Reproduce every line of the data, exactly and without its pictures.
+++ AVAILABLE DATA
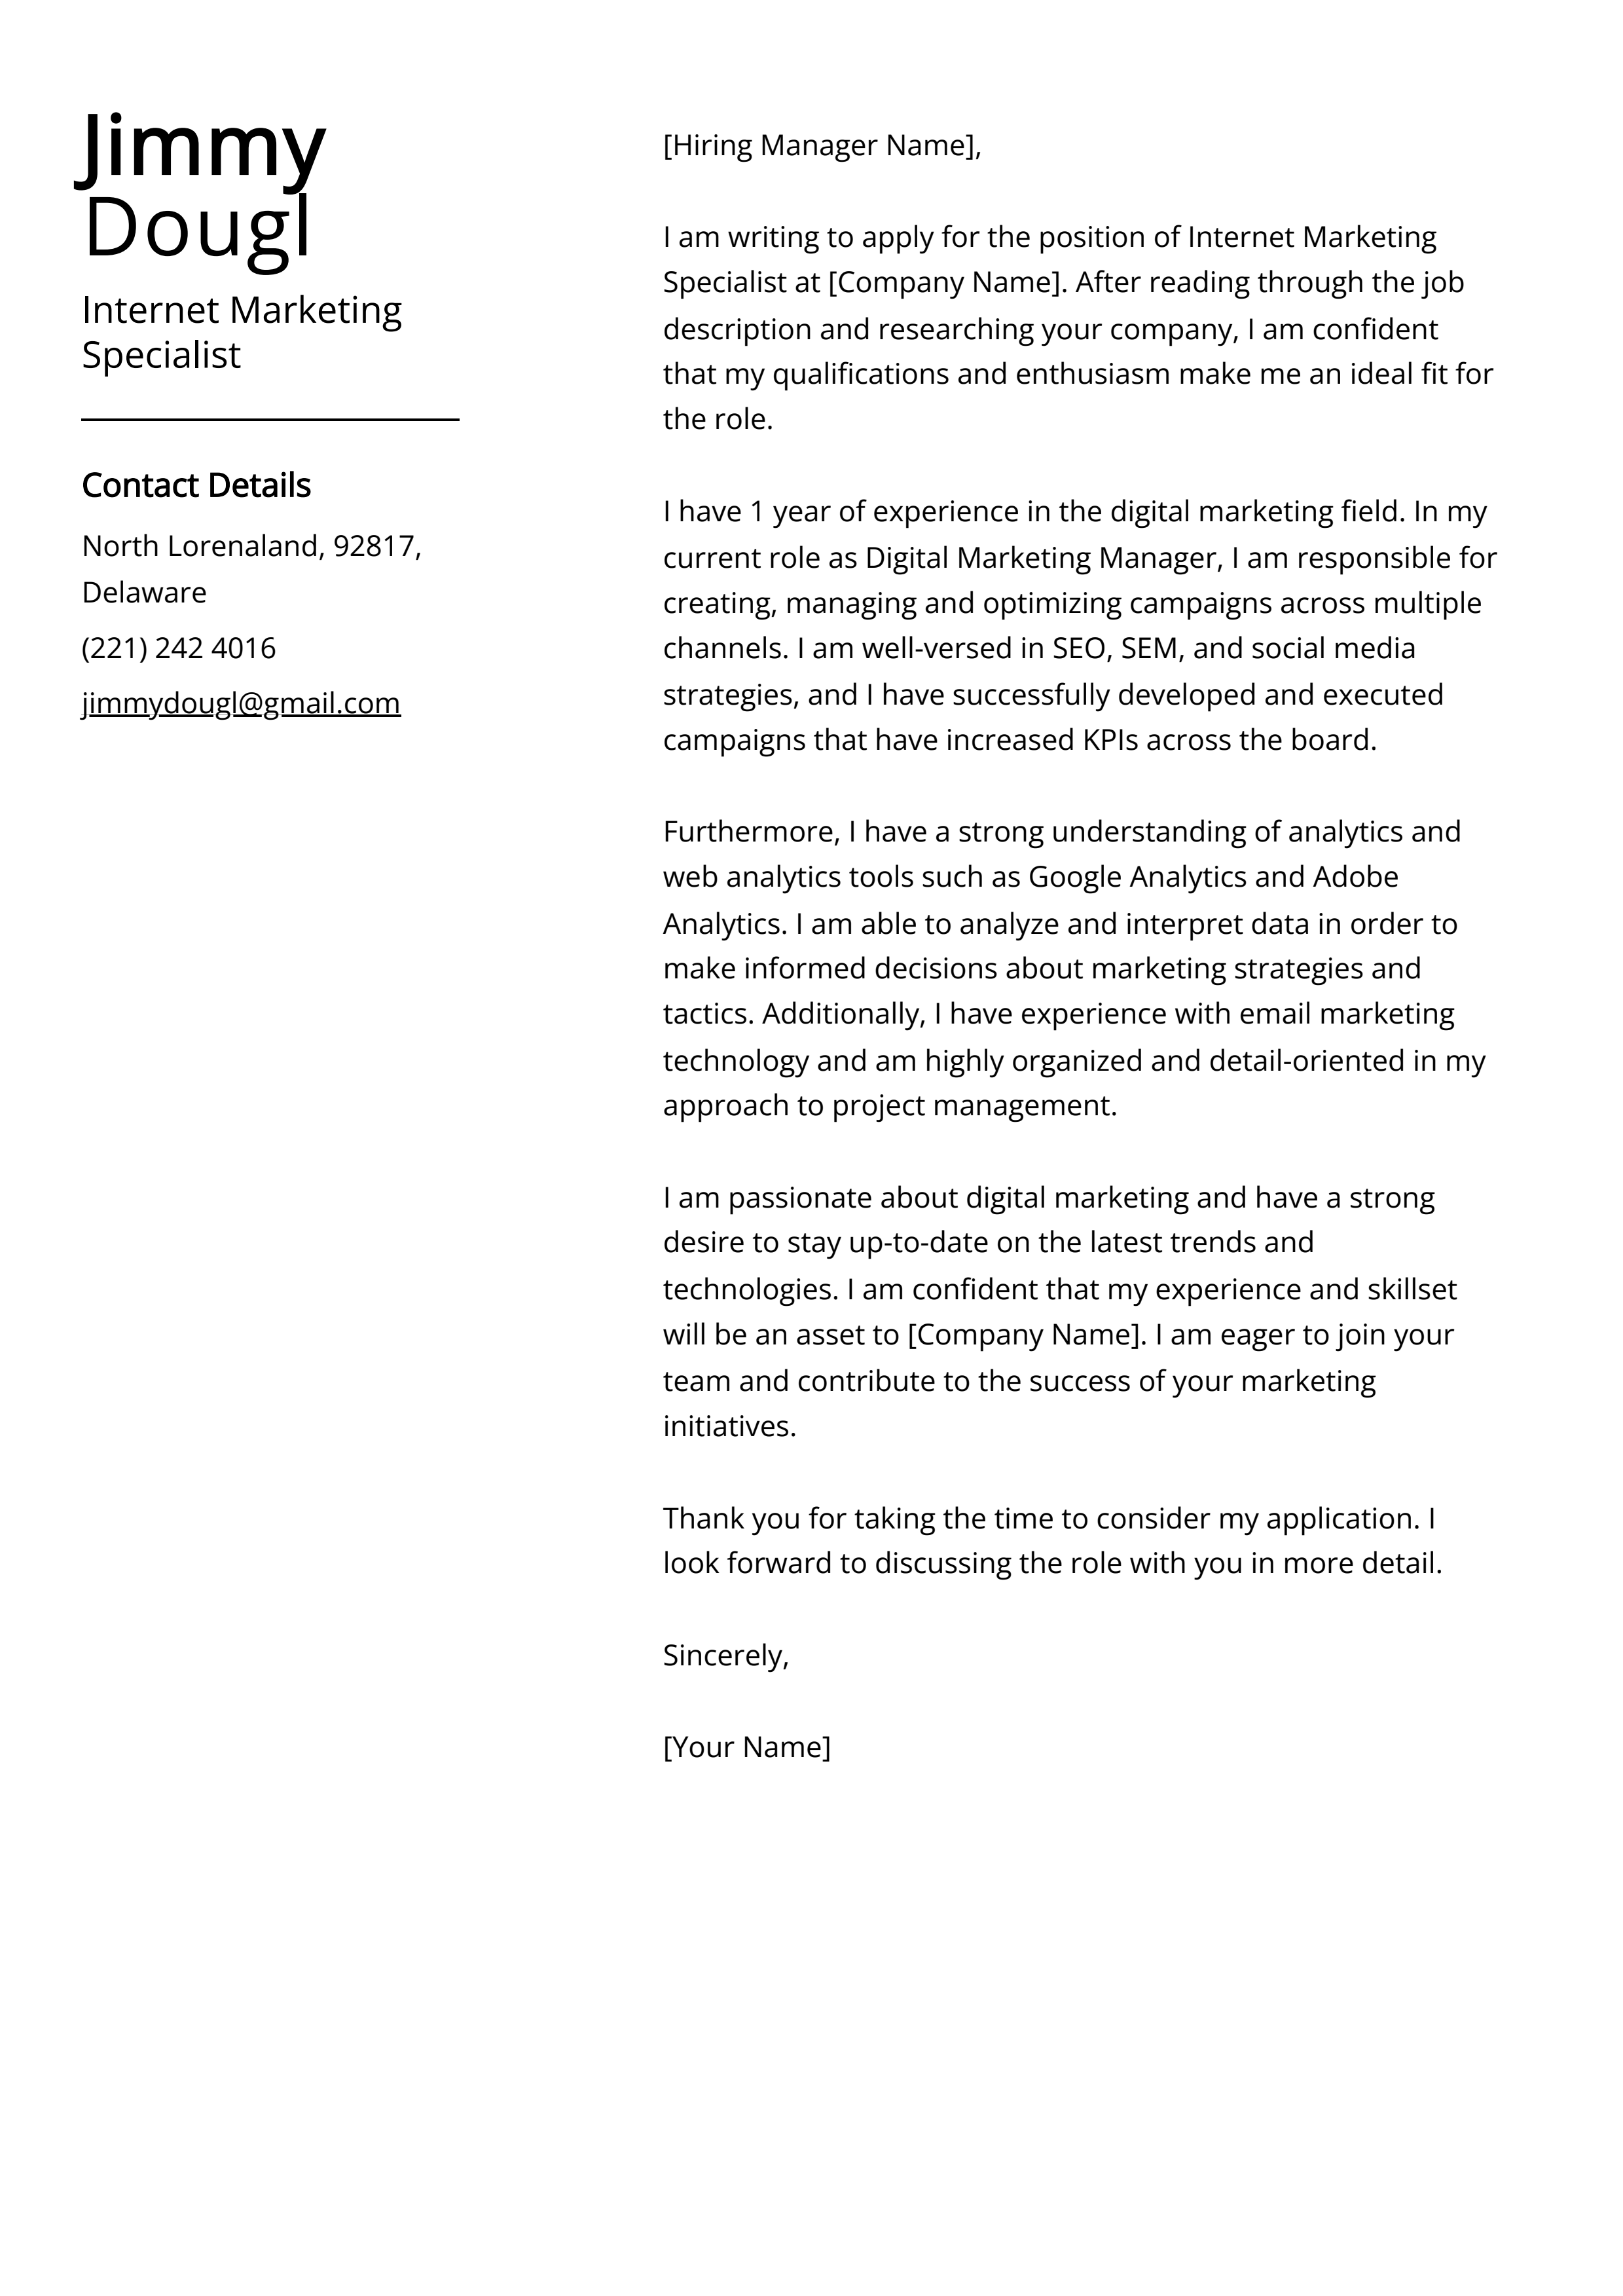 Internet Marketing Specialist Cover Letter Example
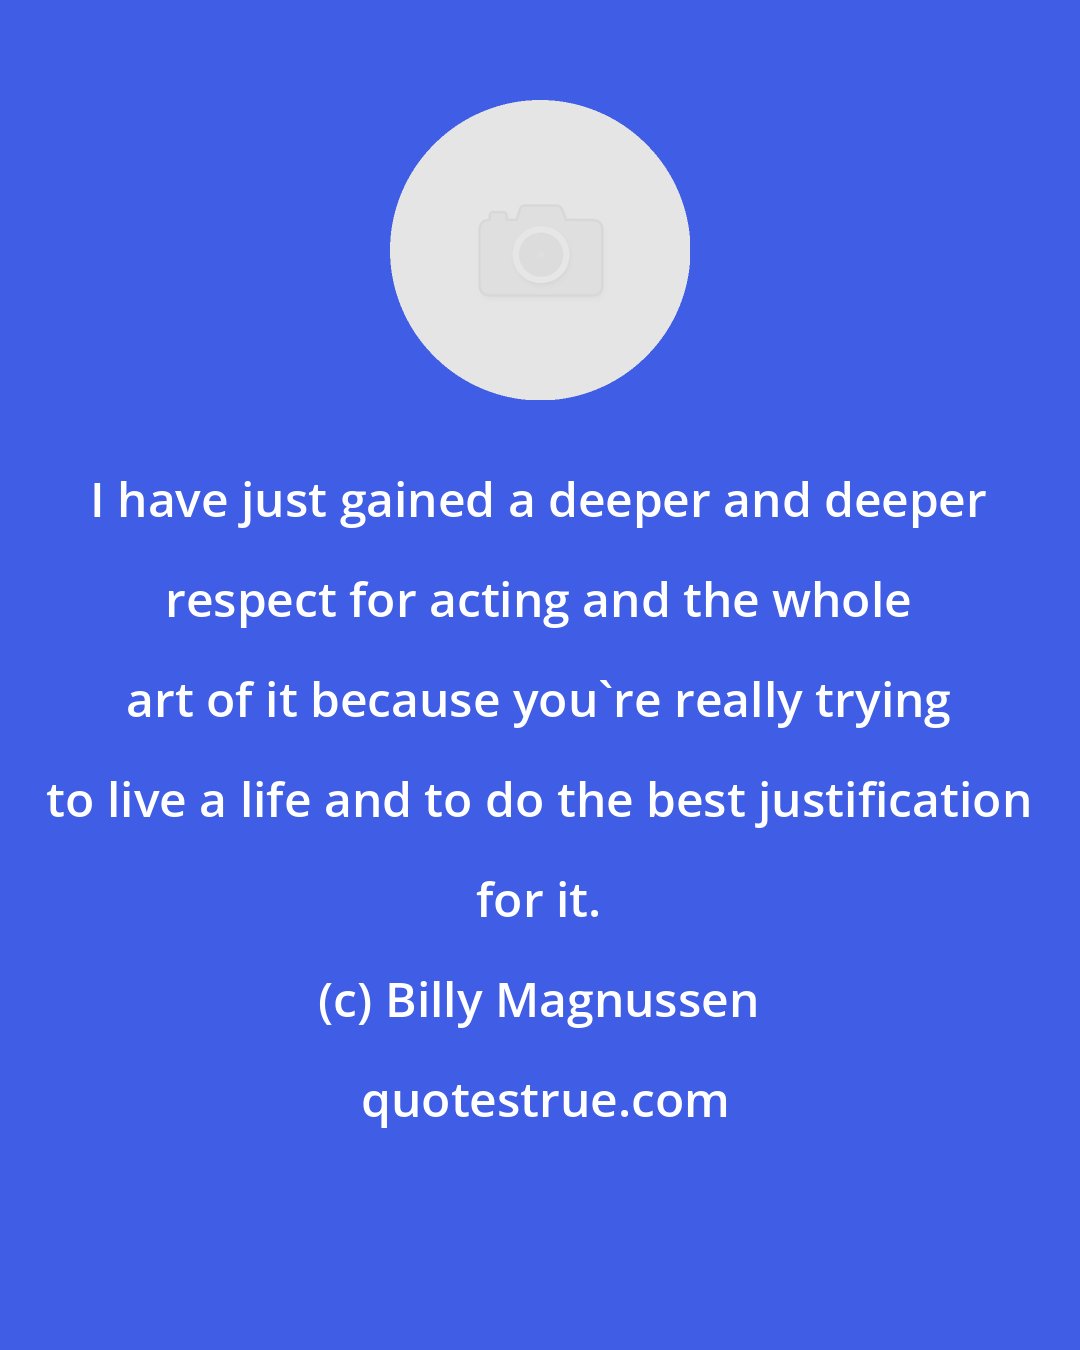 Billy Magnussen: I have just gained a deeper and deeper respect for acting and the whole art of it because you're really trying to live a life and to do the best justification for it.
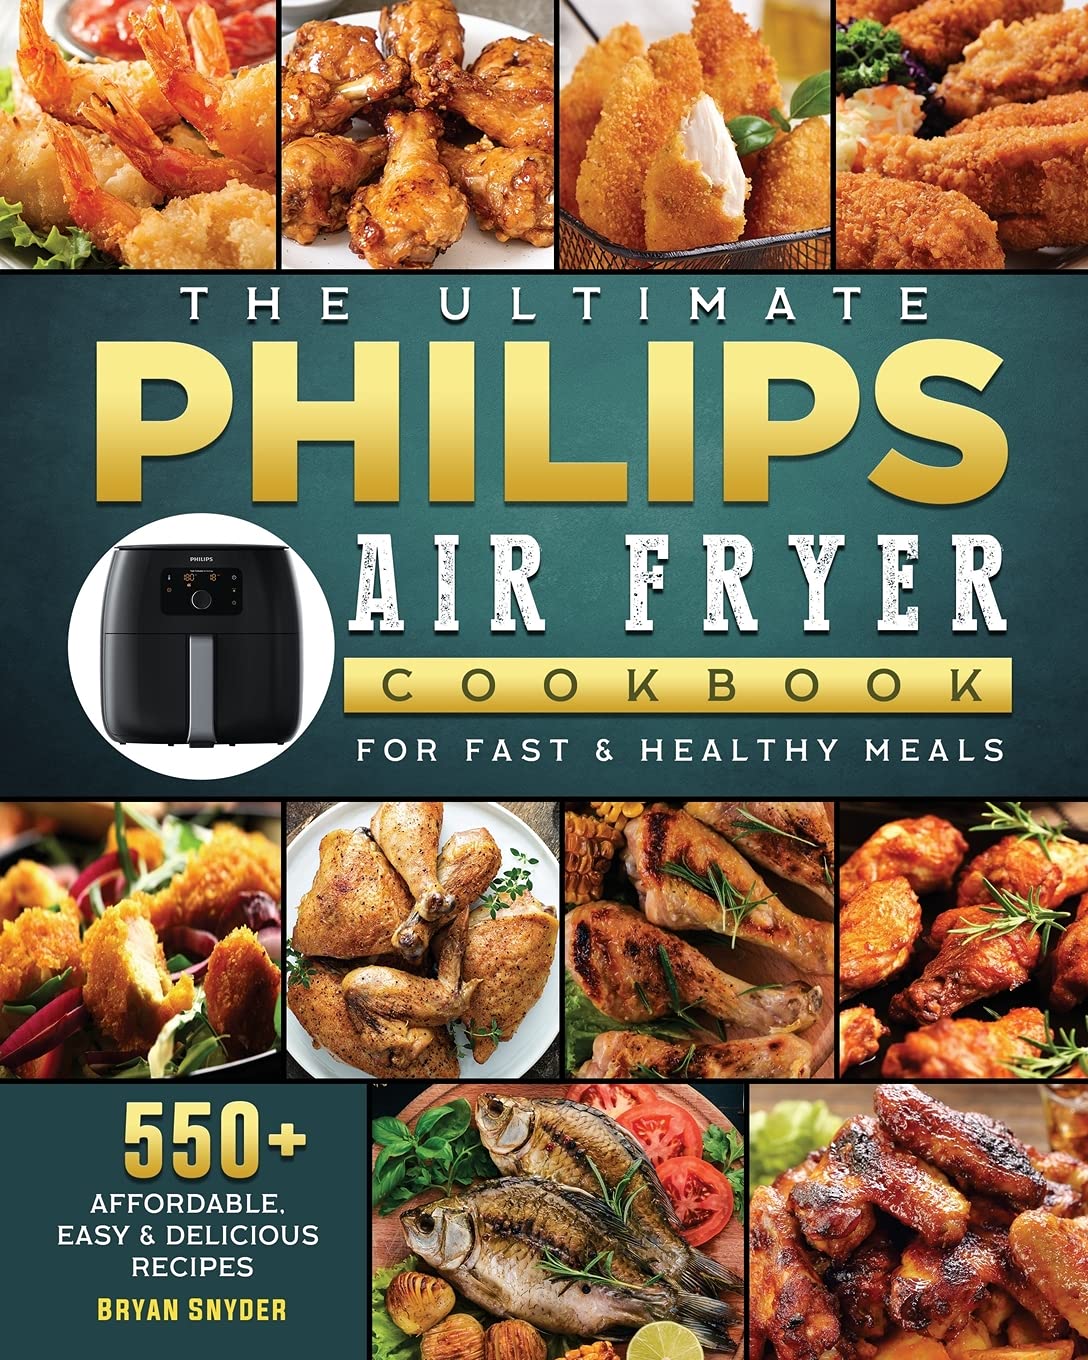 The Ultimate Philips Air fryer Cookbook
++++++
WRITTEN SOLUTION:
 Internet Marketing Specialist Cover Letter Example
 Billy Magnussen: I have just gained a deeper and deeper respect for acting and the whole art of it because you're really trying to live a life and to do the best justification for it.
 The Ultimate Philips Air fryer Cookbook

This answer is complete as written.